◆ **Data section**:
........

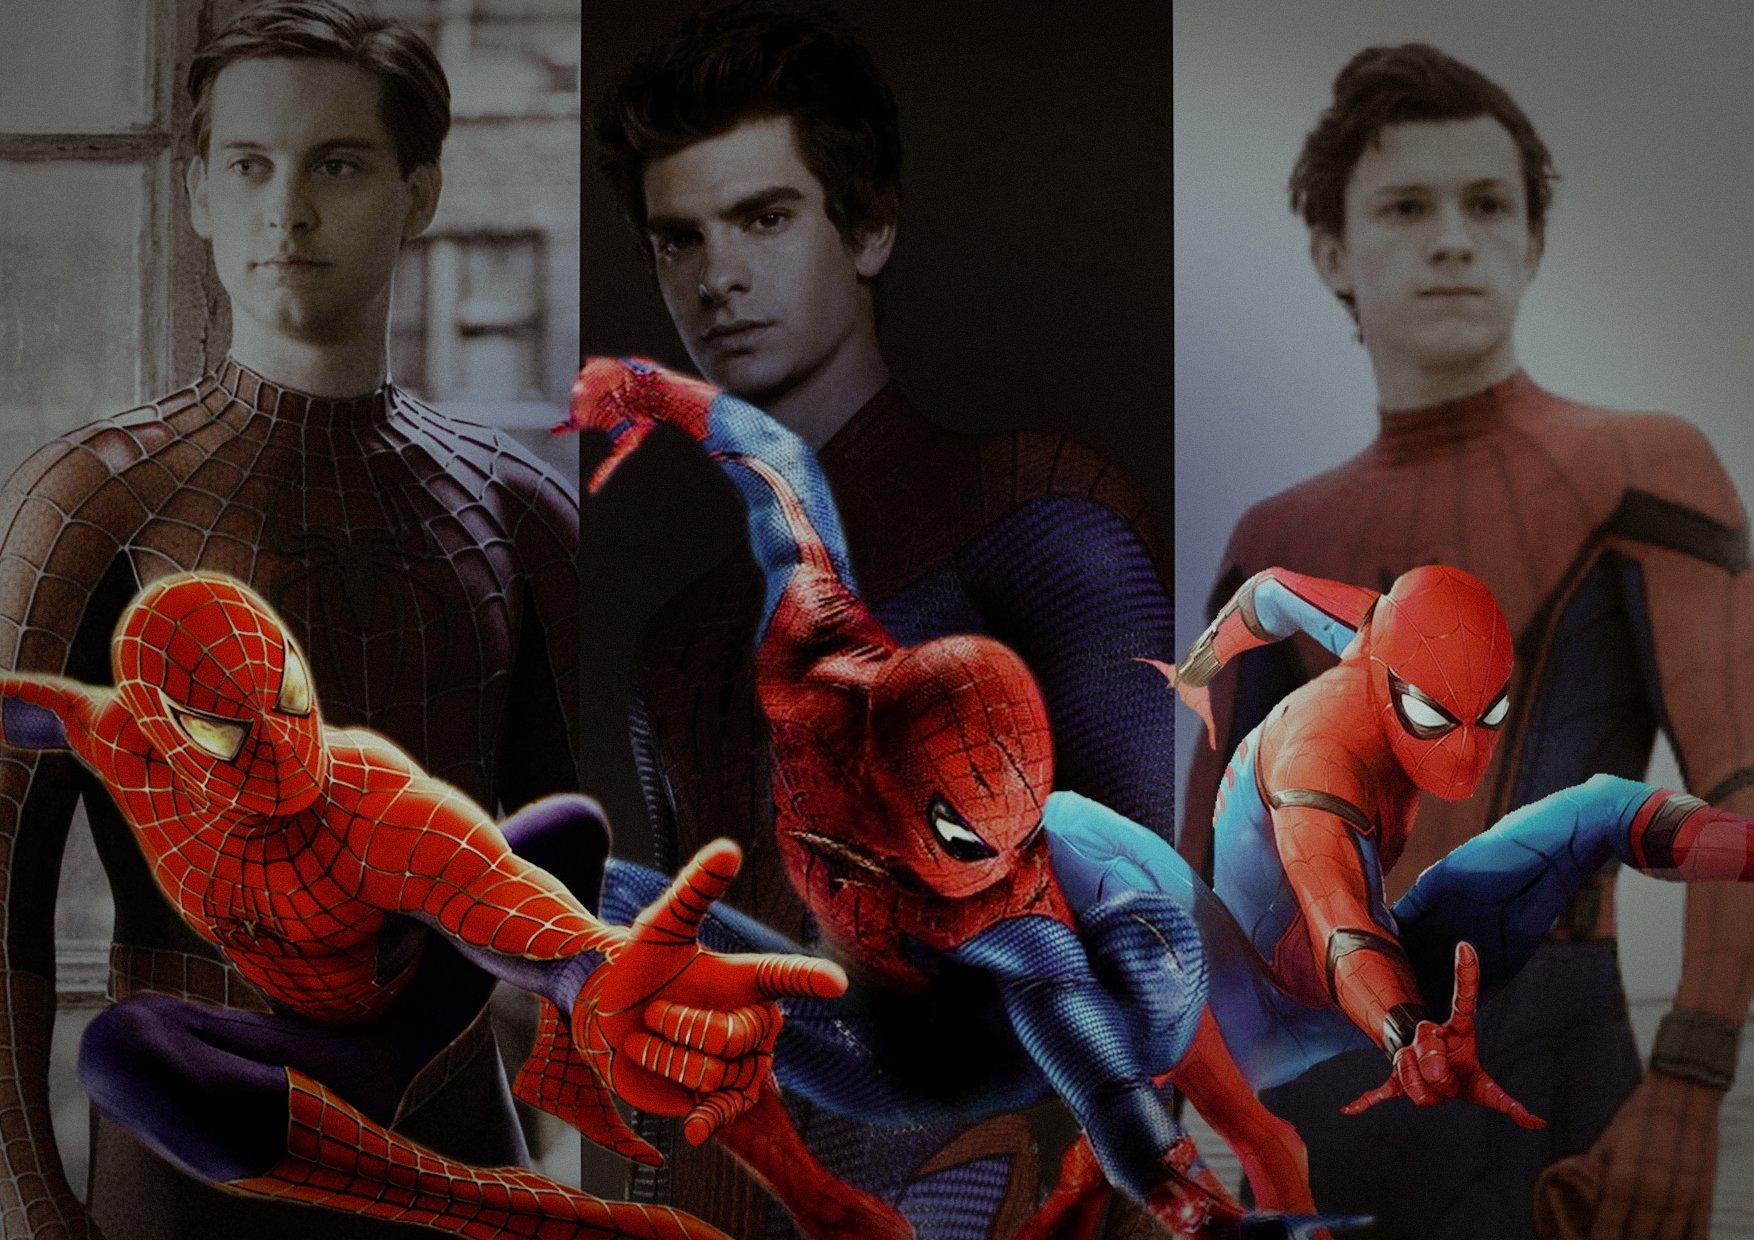 Spider Man: Người nhện là một trong những siêu anh hùng nổi tiếng nhất trong vũ trụ phim. Trong ảnh, Spider Man đang với bộ đồ mới và giữ thế độc đáo trên thành phố New York. Hãy cùng xem ảnh để tận hưởng sự giải trí và kinh ngạc.
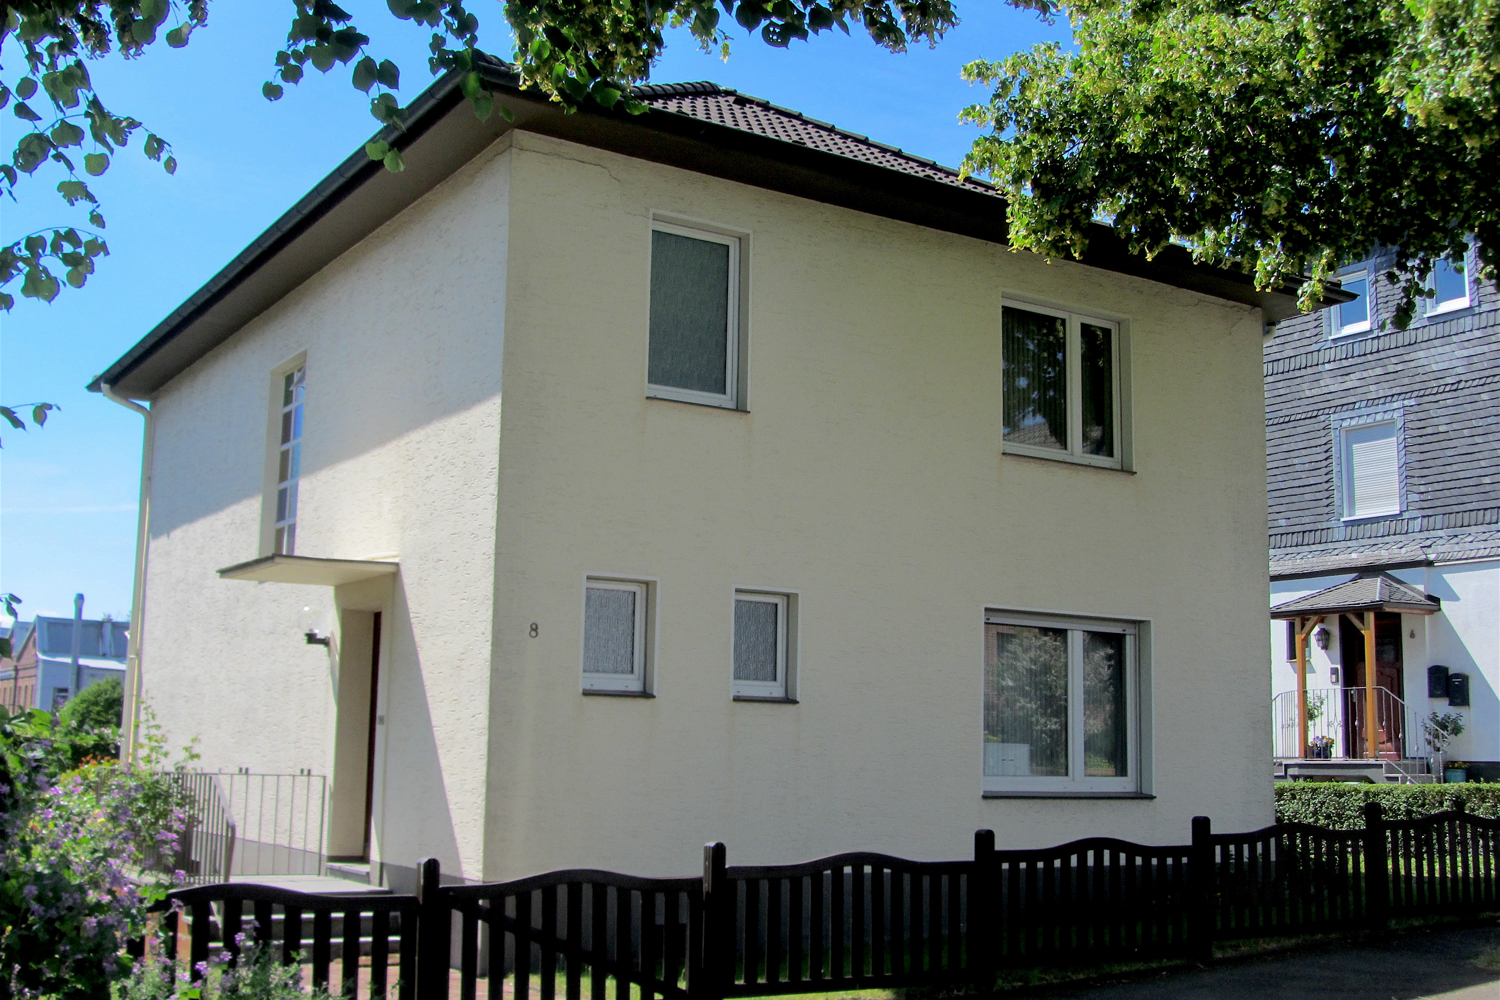 Großzügiges Einfamilienhaus mit Garage in ruhiger Seitenstraße von Lüttringhausen
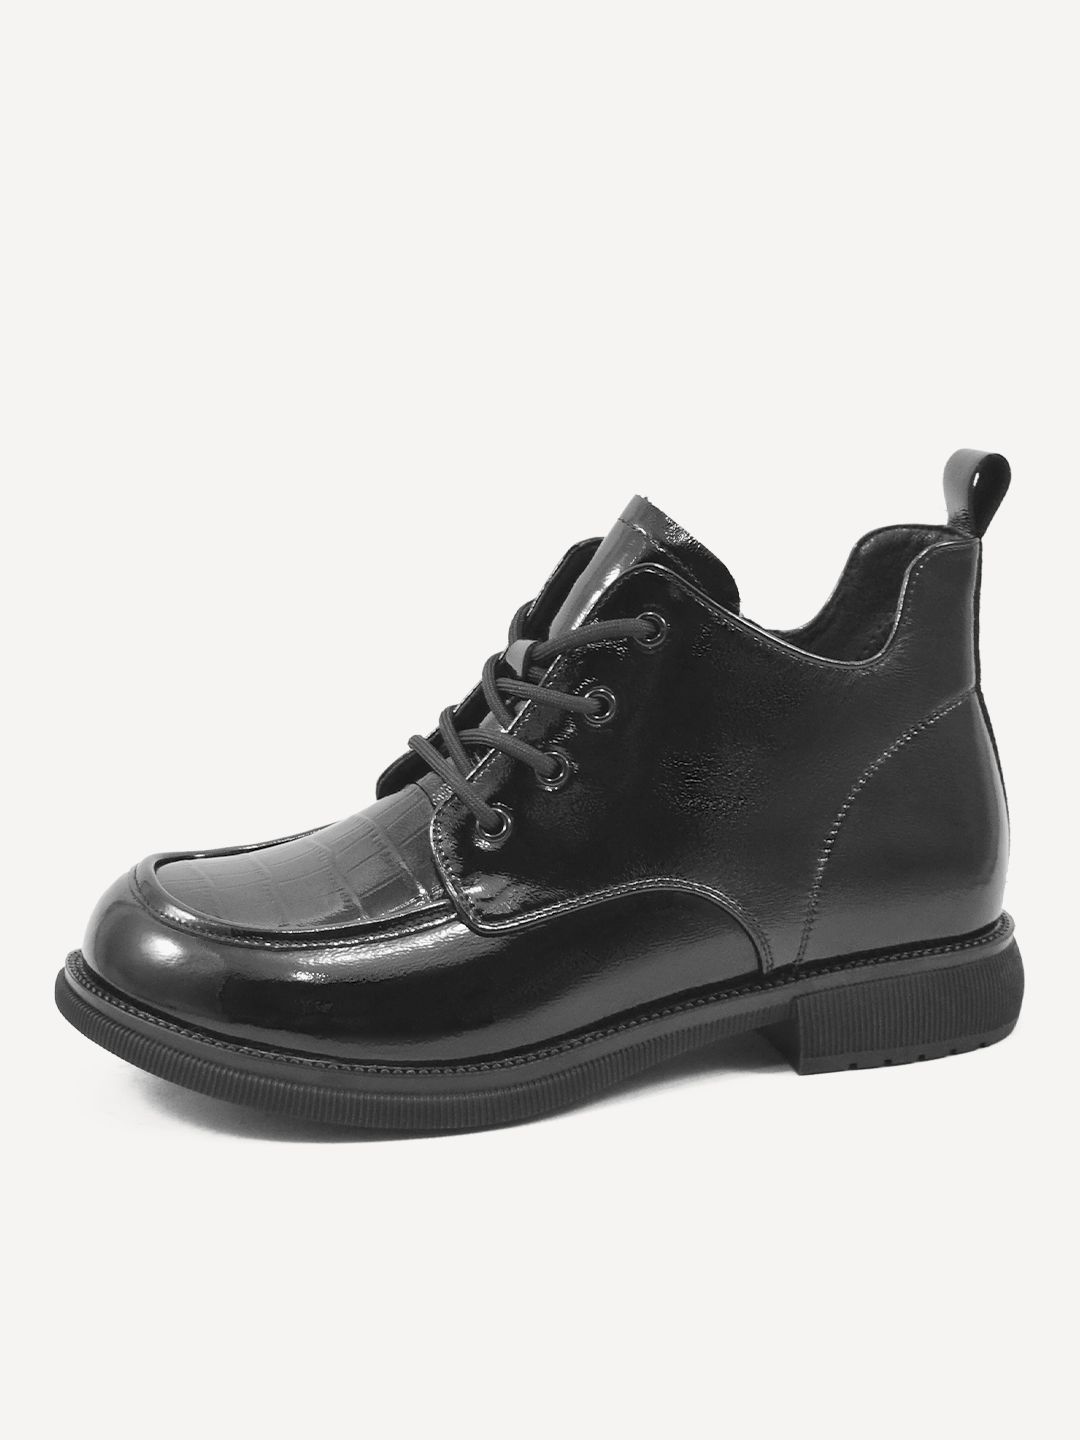 Черные женские ботинки Baden CV316-010 размера 39 по российской системе.

........

◆ **Task to carry out**:
Pictures are not part of the copy. Reproduce the lines from the one with "Großzügiges Einfamilienhaus mit" through the end of the listing above.

◆ **Exercise answer**:
 Großzügiges Einfamilienhaus mit Garage in ruhiger Seitenstraße von Lüttringhausen
 Черные женские ботинки Baden CV316-010 размера 39 по российской системе.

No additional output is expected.